### Input data

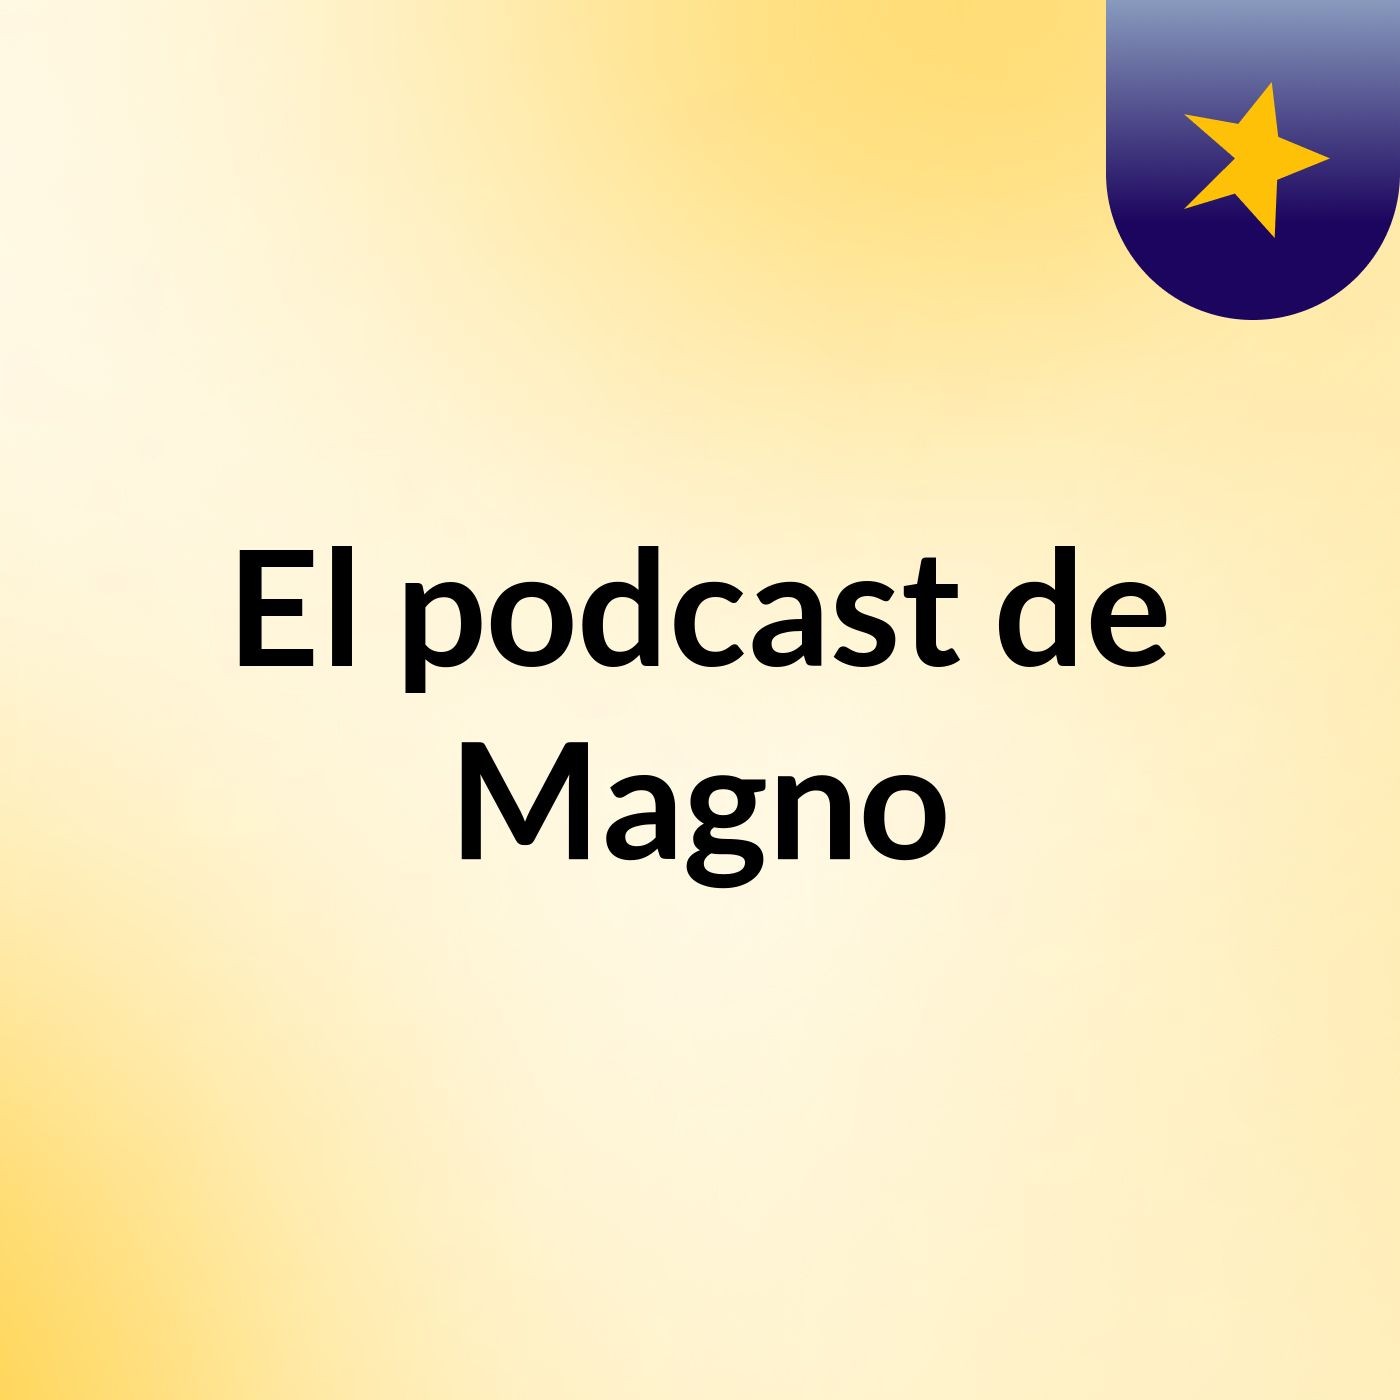 El podcast de Magno
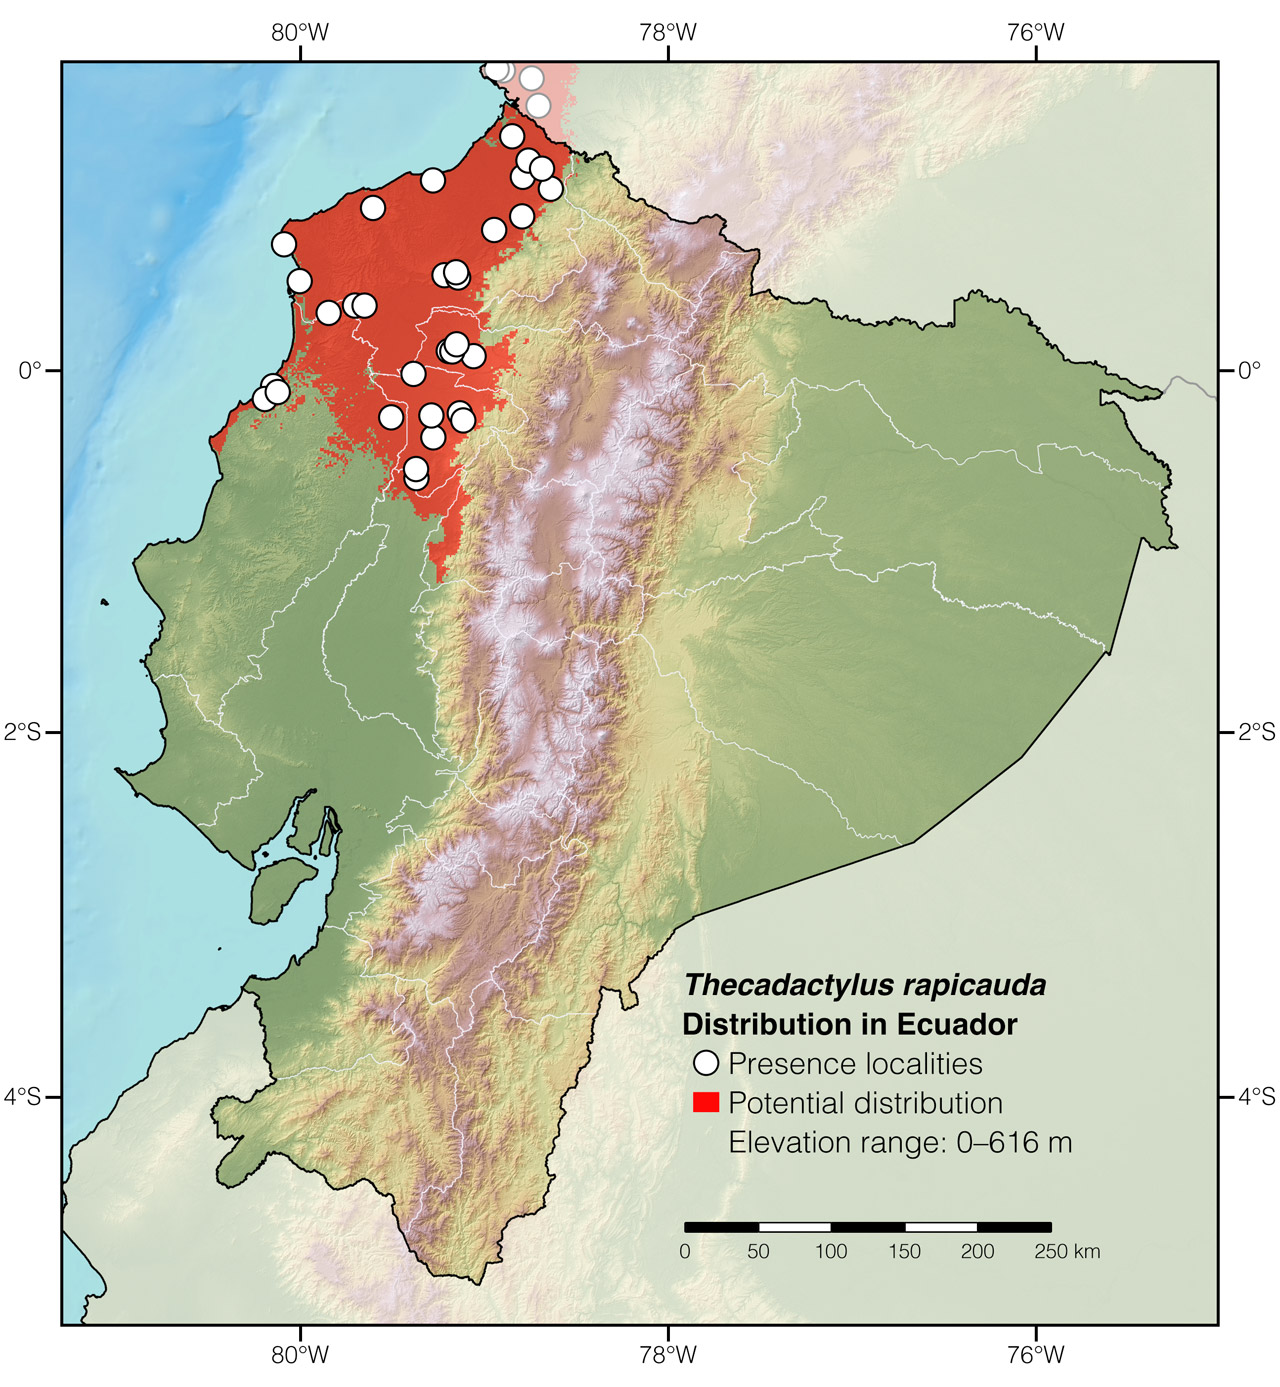 Distribution of Thecadactylus rapicauda in Ecuador
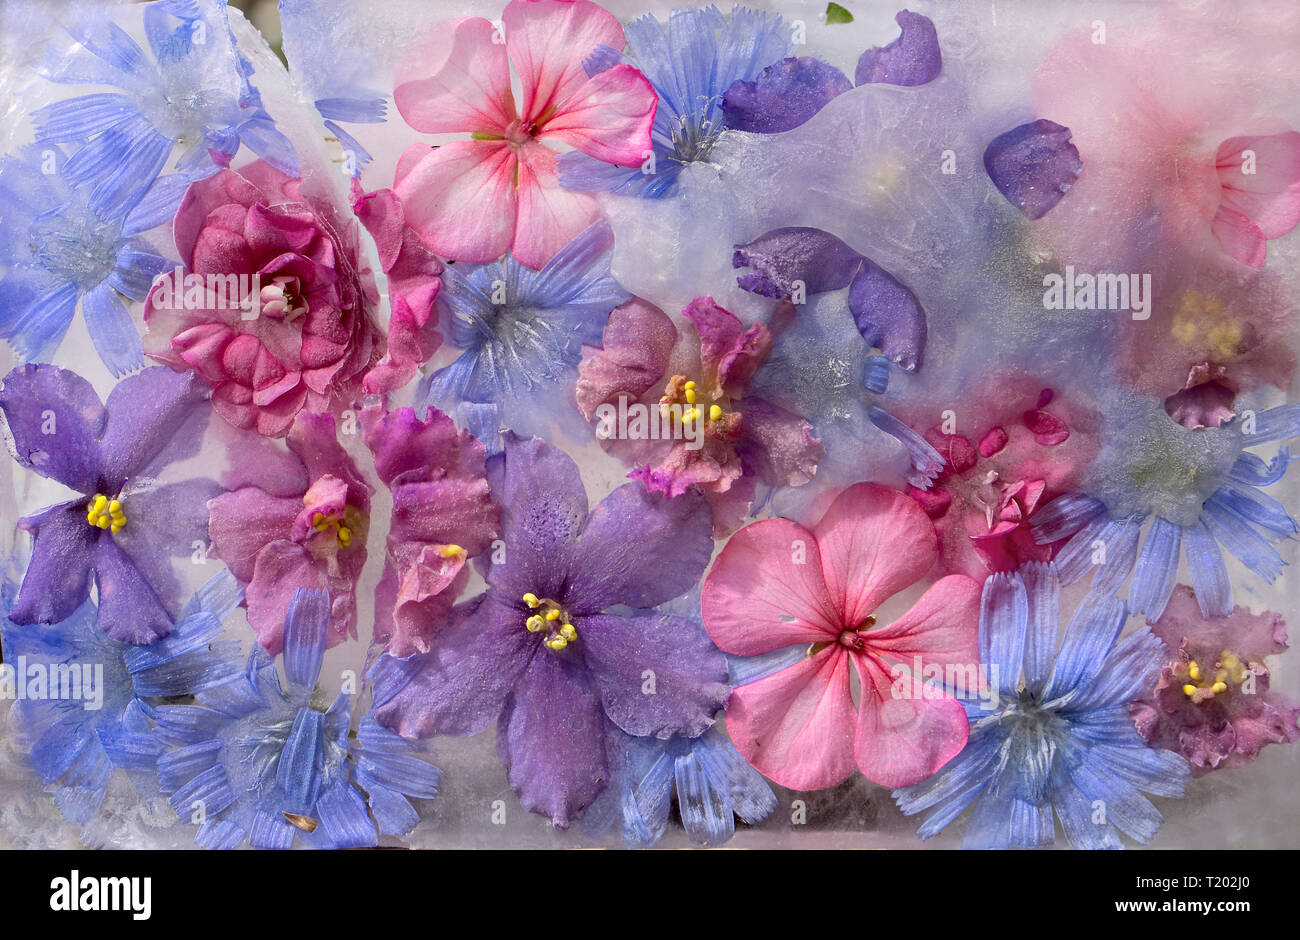 Fondo de violeta, balsamine, geranio, achicoria (succory) flor en cubo de hielo con burbujas de aire Foto de stock
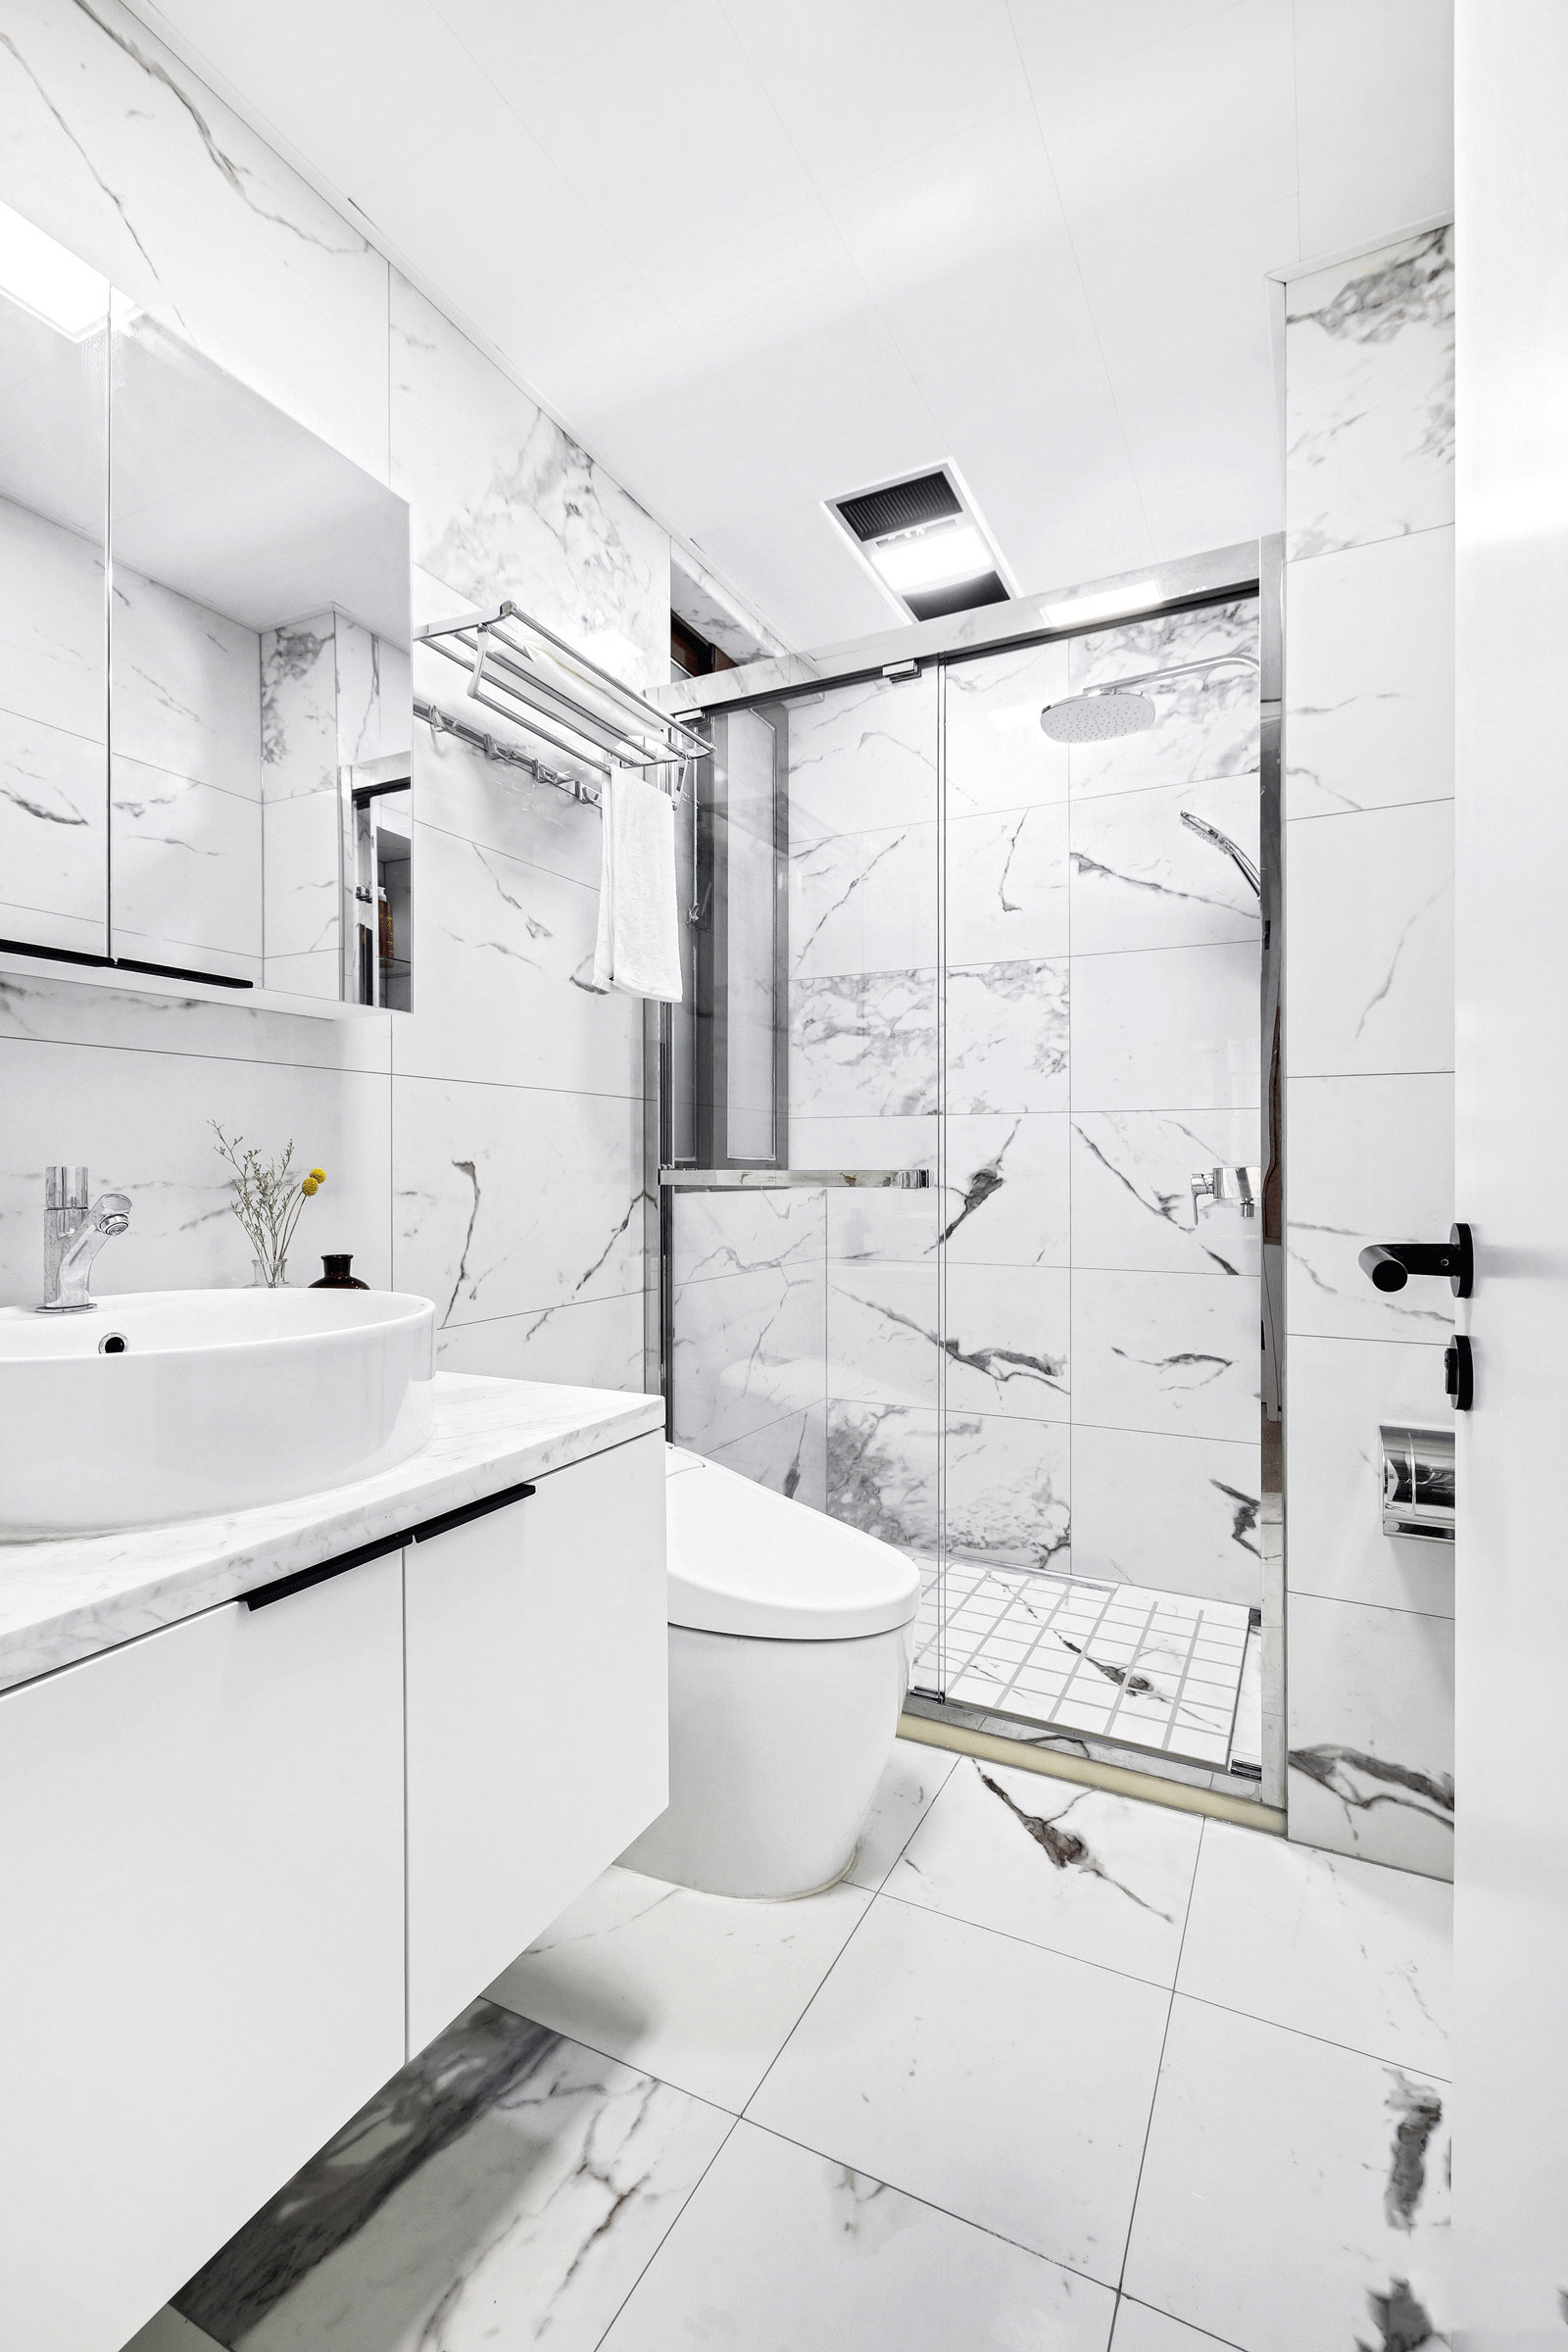 白色大理石丰盈了卫浴空间的质感，局部干湿分离设计，彰显了空间美学。

### What the task asks
Your task is to quote exactly the lines from the one with "Distribution of Thecadactylus" through the end of the material, both included, without reproducing any pictures.

### Solved exercise
 Distribution of Thecadactylus rapicauda in Ecuador
 Fondo de violeta, balsamine, geranio, achicoria (succory) flor en cubo de hielo con burbujas de aire Foto de stock
 白色大理石丰盈了卫浴空间的质感，局部干湿分离设计，彰显了空间美学。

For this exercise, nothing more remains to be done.